The Killing Hour
Page 28
I use my foot to roll him onto his back. There’s blood on his shoulder, but nowhere else. He’s wearing a bulletproof vest. The Glock has stitched a diagonal line from the bottom right up to his top left, then stitched one bullet into him for luck. The same anger that burned through me when I found Frank leaving a briefcase full of money is burning through me now. I snap the handcuffs around his wrists. The moment the second bracelet is in place he seems to snap out of his fugue. He shoots both hands upward, hitting me in the jaw. The gun goes skittering into the darkness. I reach out and the rope wraps around his neck. It pulls him into a sitting position. I move forward and wrap it around his neck once more. He pushes me off him and tries to unwrap himself. I pull hard on the rope and he follows the direction, getting to his feet. He rushes me, crushing me between his body and the lamppost. My head clangs against it, and when I look down I see four of his legs getting tangled in two sets of ropes. He tries to keep balanced, but the rope is wrapped around him and the handcuffs make it that much more difficult. I grab hold of the rope and twist my body aside, pulling him into the lamppost. Then I push my body weight into him, lifting him onto the railing. I hold him at the top and we seem to realize at the same time that he’s balanced to go either way. All of a sudden he stops fighting me and I stop pushing.

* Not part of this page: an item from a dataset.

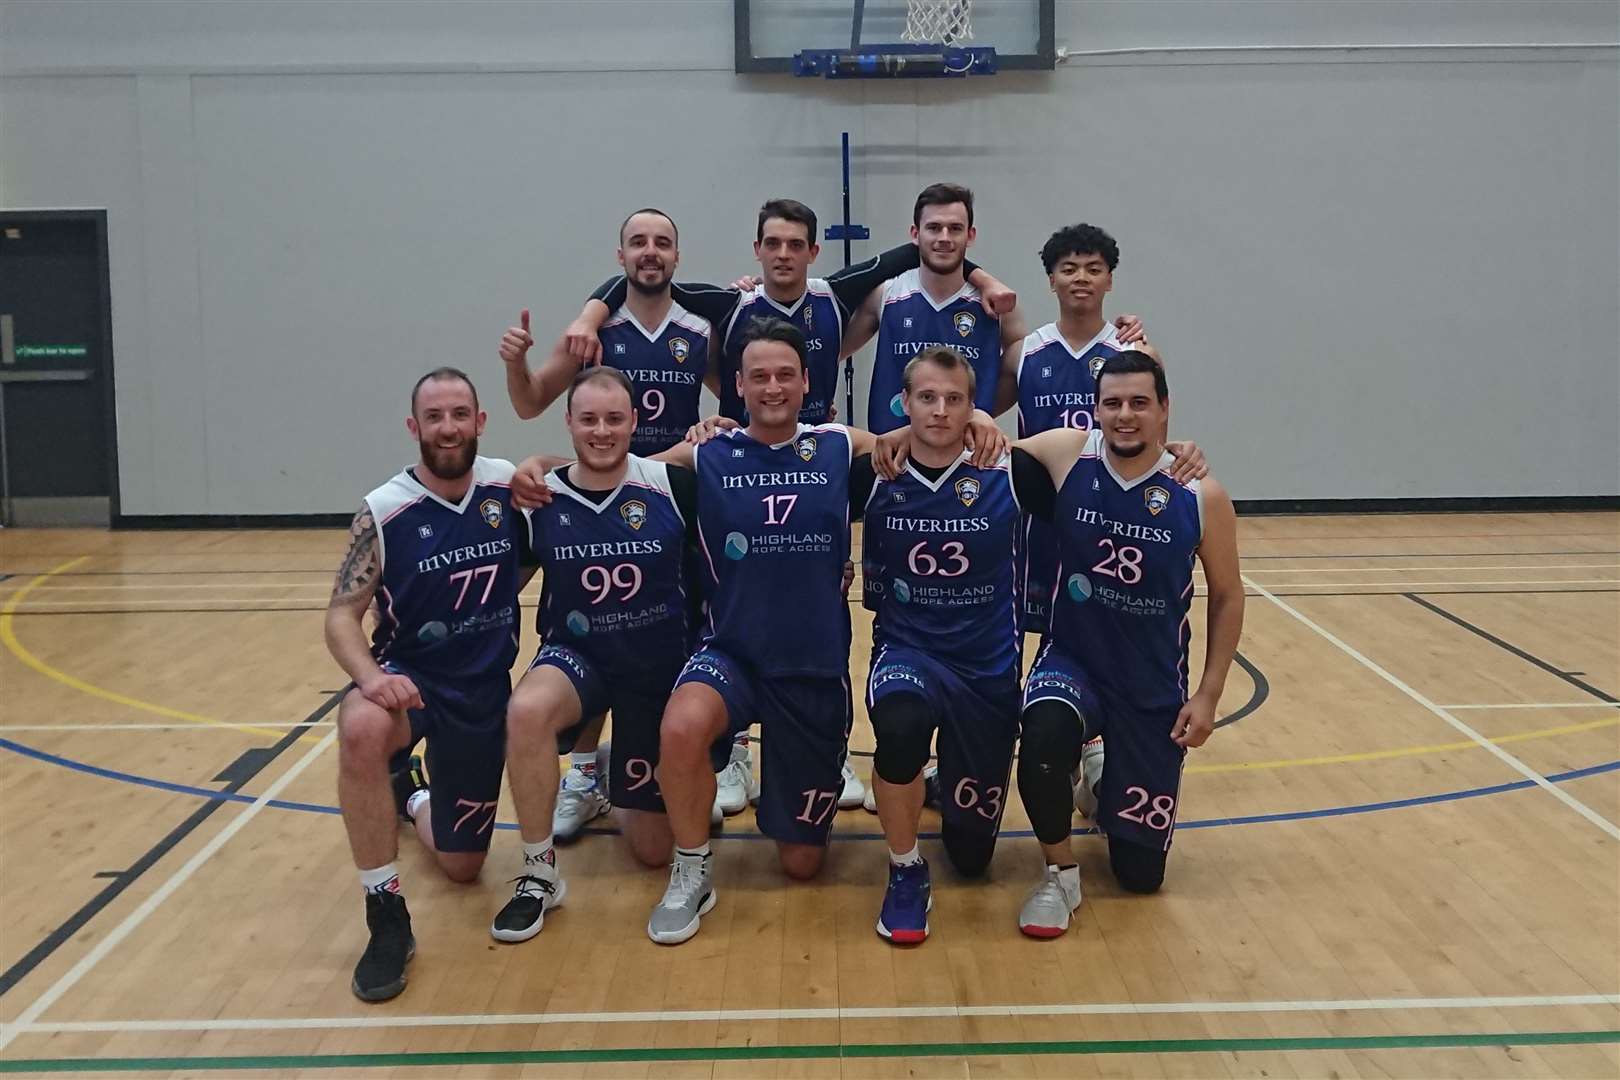 Inverness City Lions' depleted team that defeated Pleasance 81-61. Team from left to right...Back rowPeter Gounaris (Cpt), Maciej Splawski (Cpt), Hamish Young, Ralph Panlilio.Front rowRuaraidh MacLennan, Steven Ednie, Andy Pearson, Janis Bakis, Madars Baldins.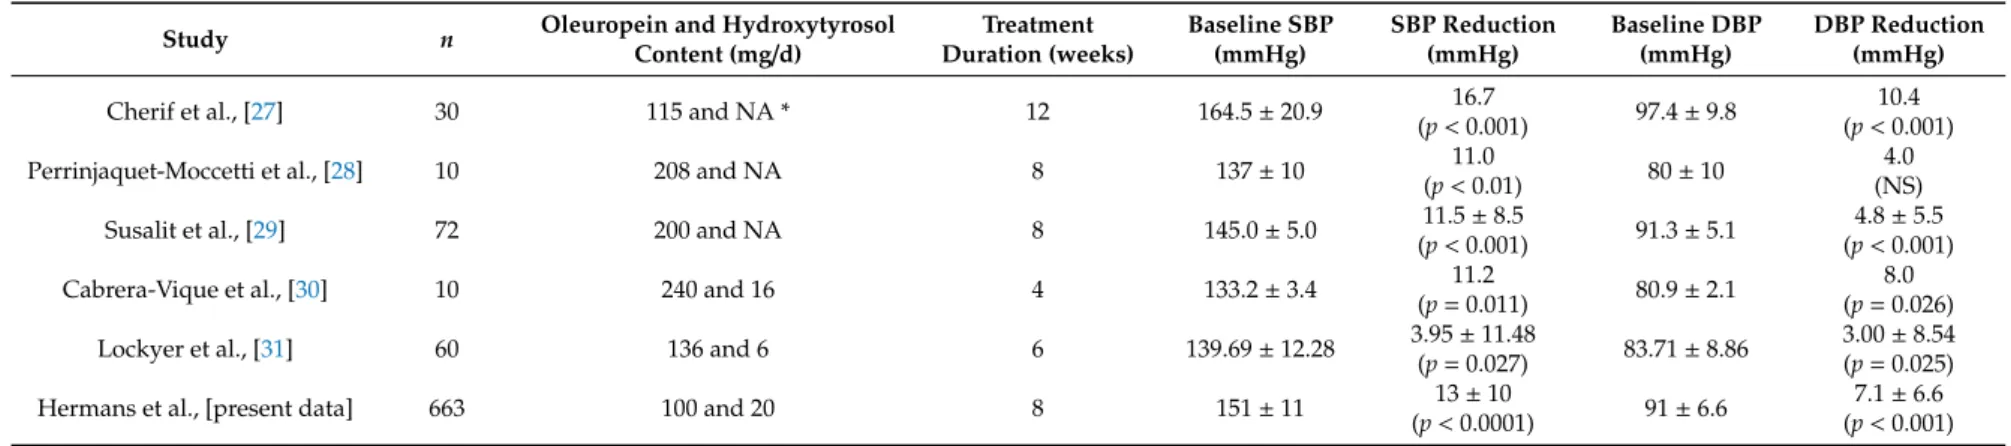 Table 5. Comparison of studies on blood pressure reduction after treatment with oleuropein and hydroxytyrosol.

I’m not sure if I meant it to go this way or not.
“We can be partners,” he says.
“Go to Hell.”
His hands reach out and grab the railing as he falls. He hangs there, and I take the time to tie off the end of the rope around the lamppost. He sees what I’m doing and knows he should have let go and taken his chances with the water.
“I fucked your wife,” he tells me. “And I’m going to fuck her again when this is over.”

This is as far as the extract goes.